Saved data entries
========================================

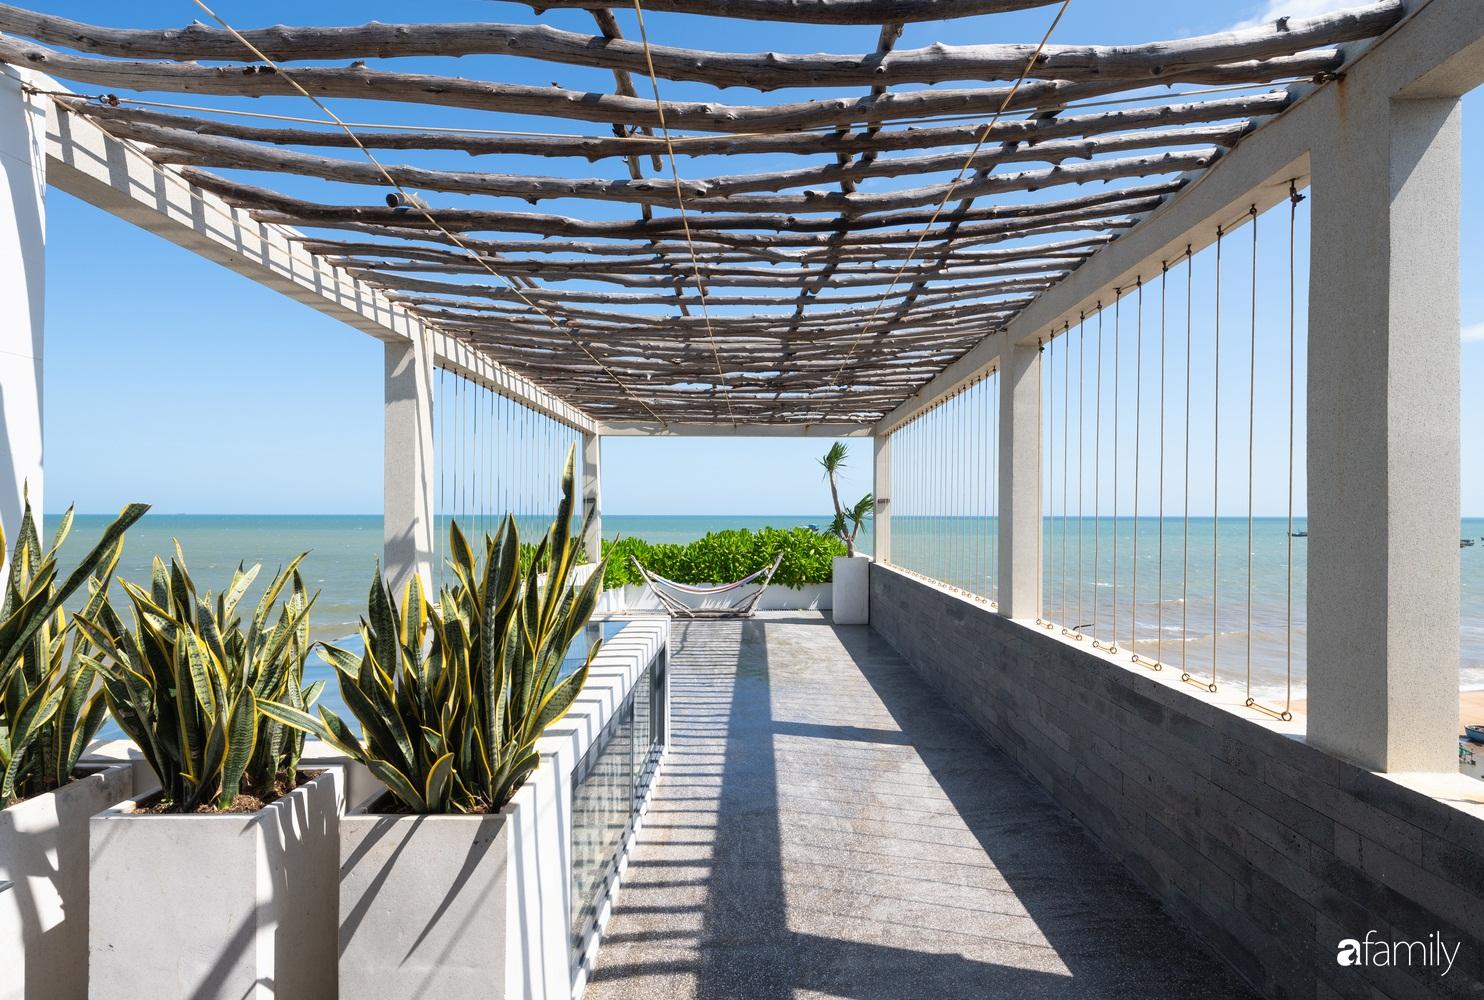 Ngôi nhà 3 tầng view biển Vũng Tàu với thiết kế mang ánh sáng và cây xanh đến từng góc nhỏ - Ảnh 3.
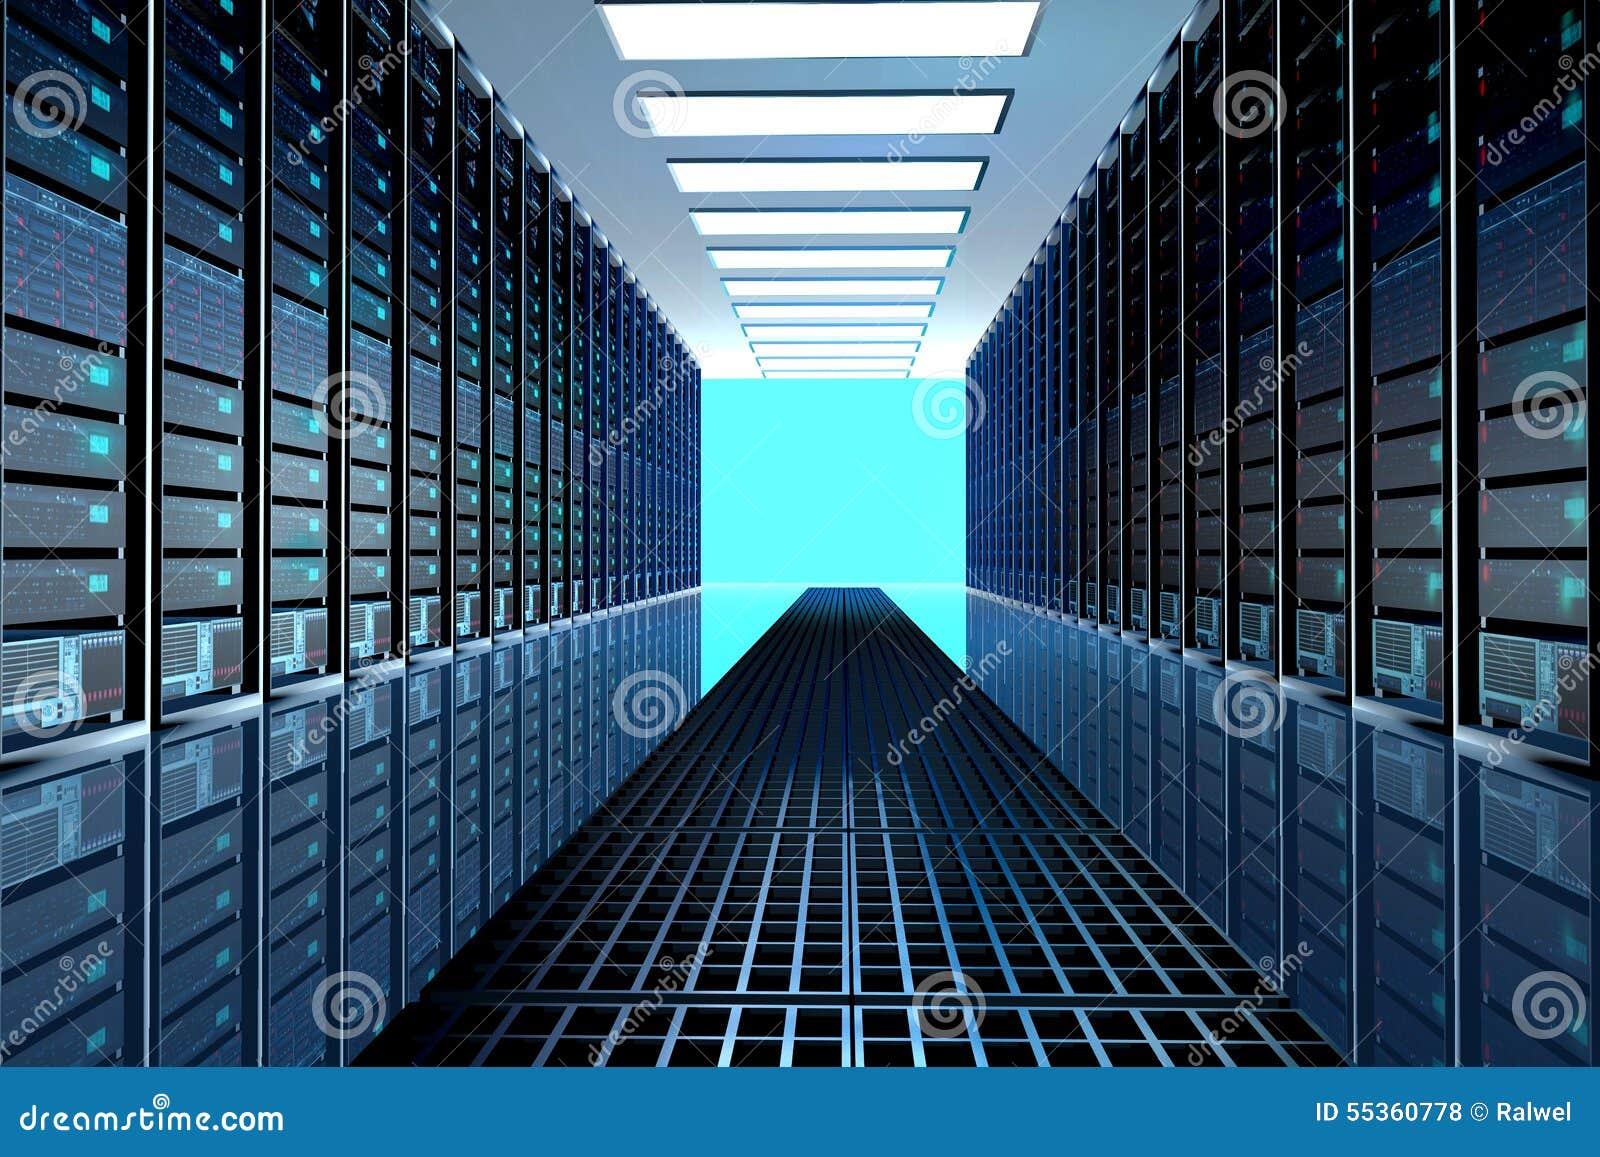 Stanza in centro dati, stanza del server fornita di server di dati
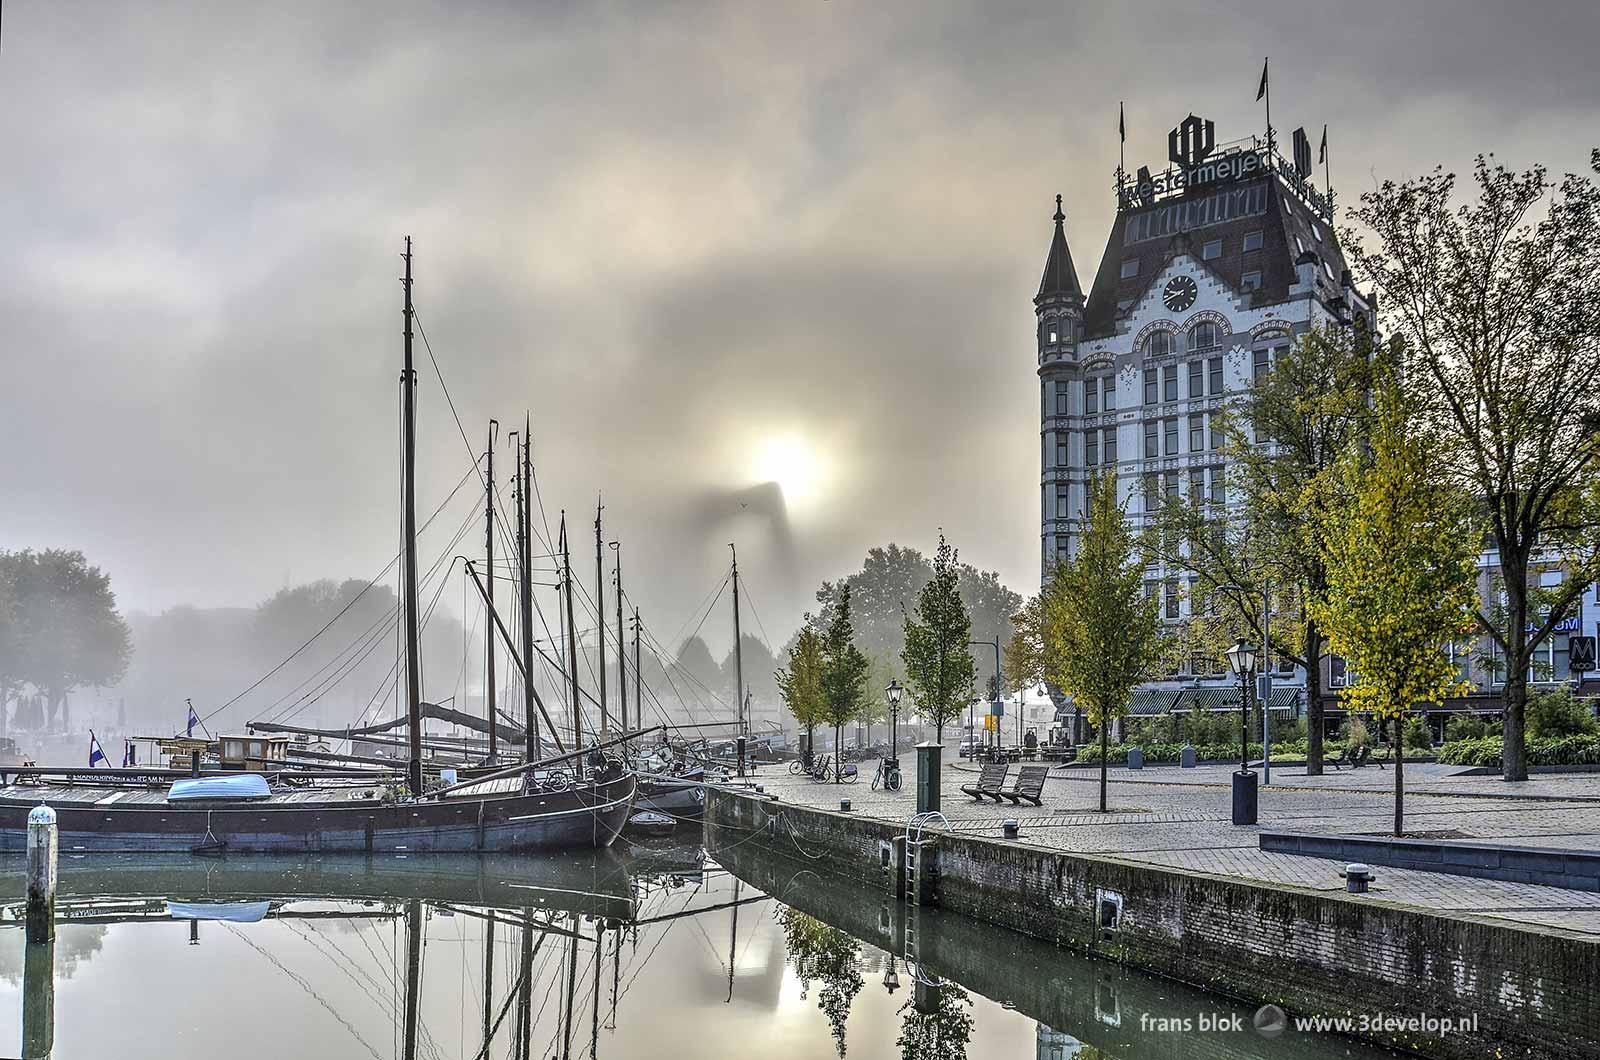 Foto gemaakt bij de Oude Haven op een mistige herfstdag met het Witte Huis en de schepen in de haven nog scherp in beeld maar de Willemsbrug erachter slechts als vage schim.
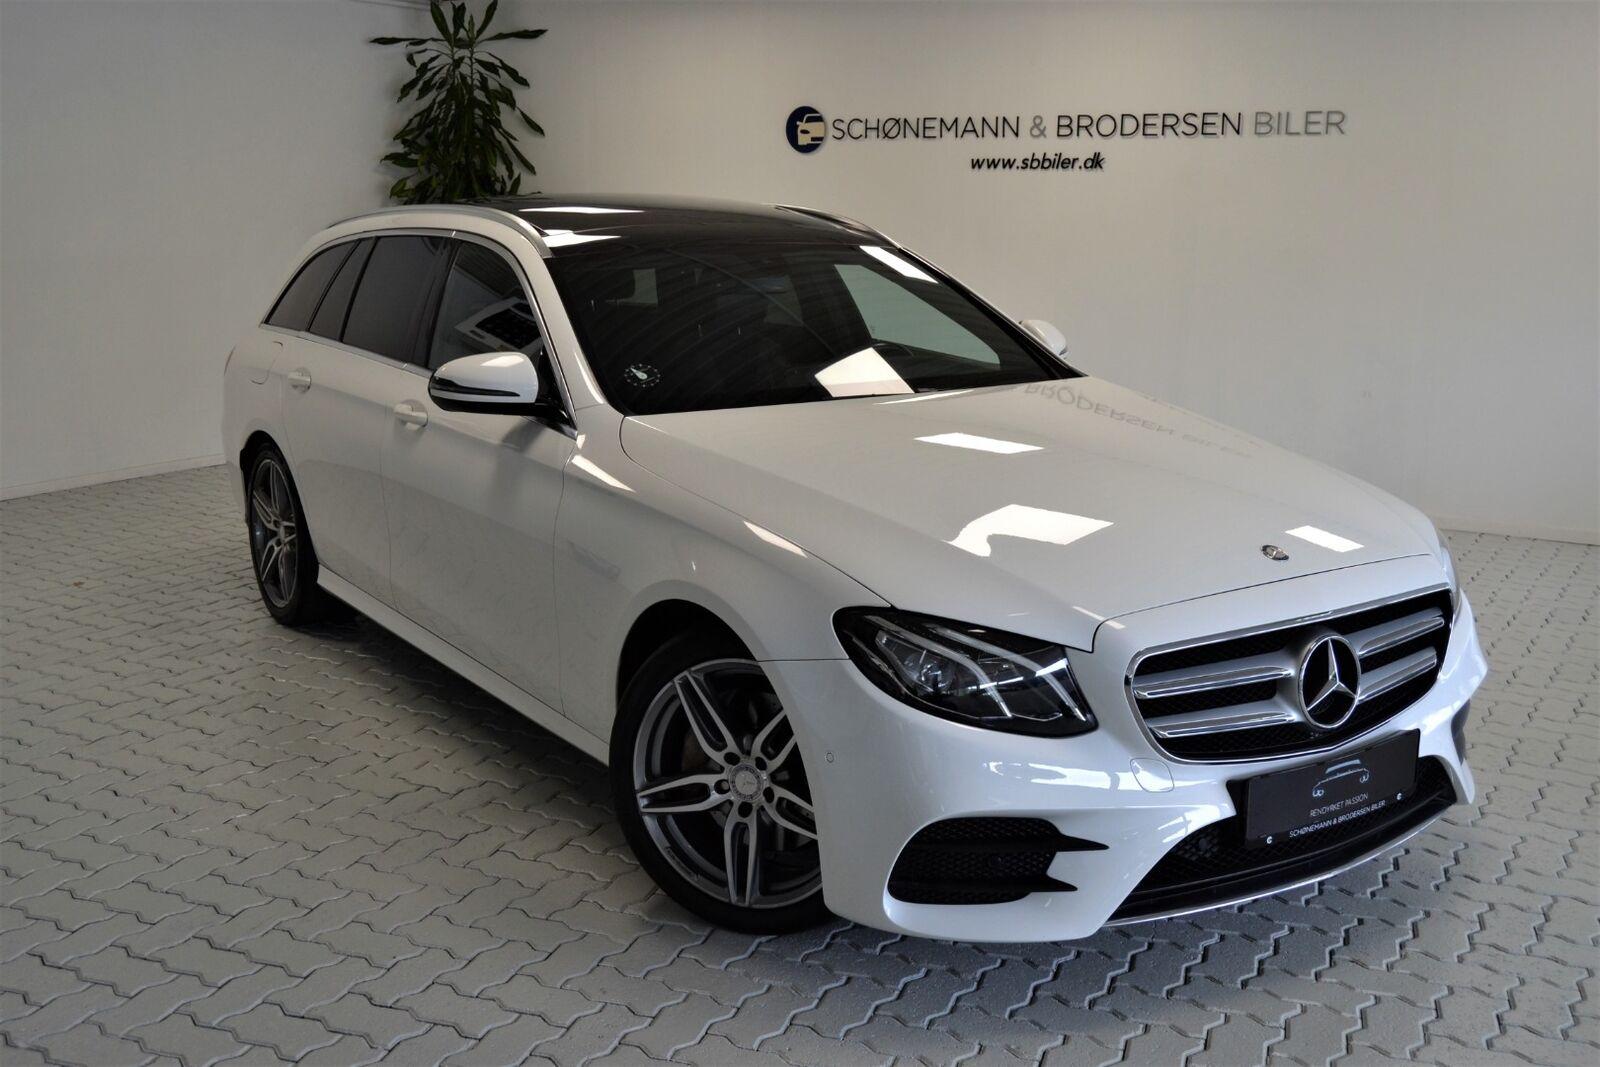 Mercedes E220 d 2,0 AMG Line stc. aut. 5d - 429.900 kr.
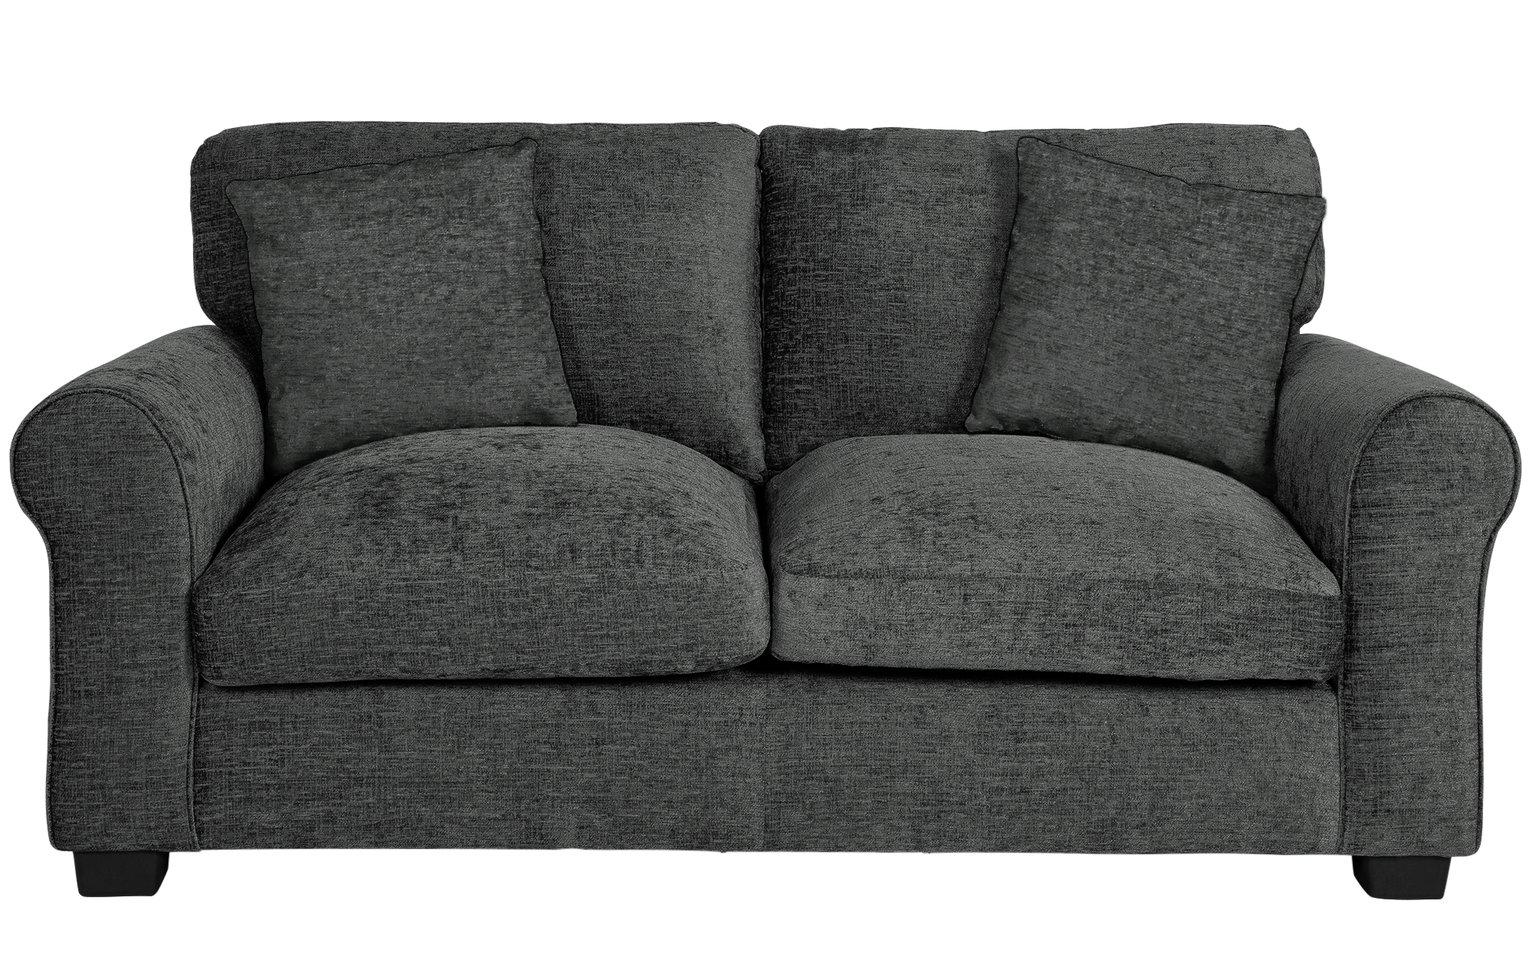 Buy Argos Home Tammy 2 Seater Fabric Sofa   Charcoal | Sofas | Argos
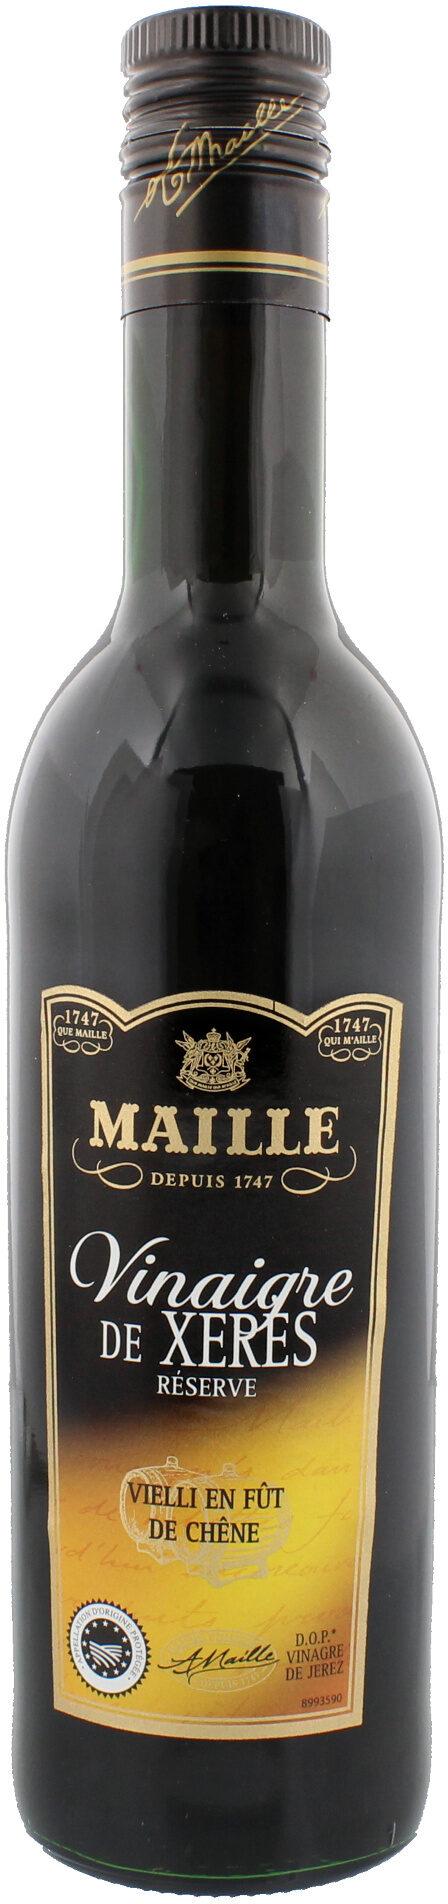 Maille Vinaigre de Xérès 50cl - Produit - fr

========================================

Only the lines from the one containing "Foto gemaakt bij" through the end of the records should be copied, exactly and with both ends included; the pictures should not.

 Foto gemaakt bij de Oude Haven op een mistige herfstdag met het Witte Huis en de schepen in de haven nog scherp in beeld maar de Willemsbrug erachter slechts als vage schim.
 Mercedes E220 d 2,0 AMG Line stc. aut. 5d - 429.900 kr.
 Buy Argos Home Tammy 2 Seater Fabric Sofa   Charcoal | Sofas | Argos
 Maille Vinaigre de Xérès 50cl - Produit - fr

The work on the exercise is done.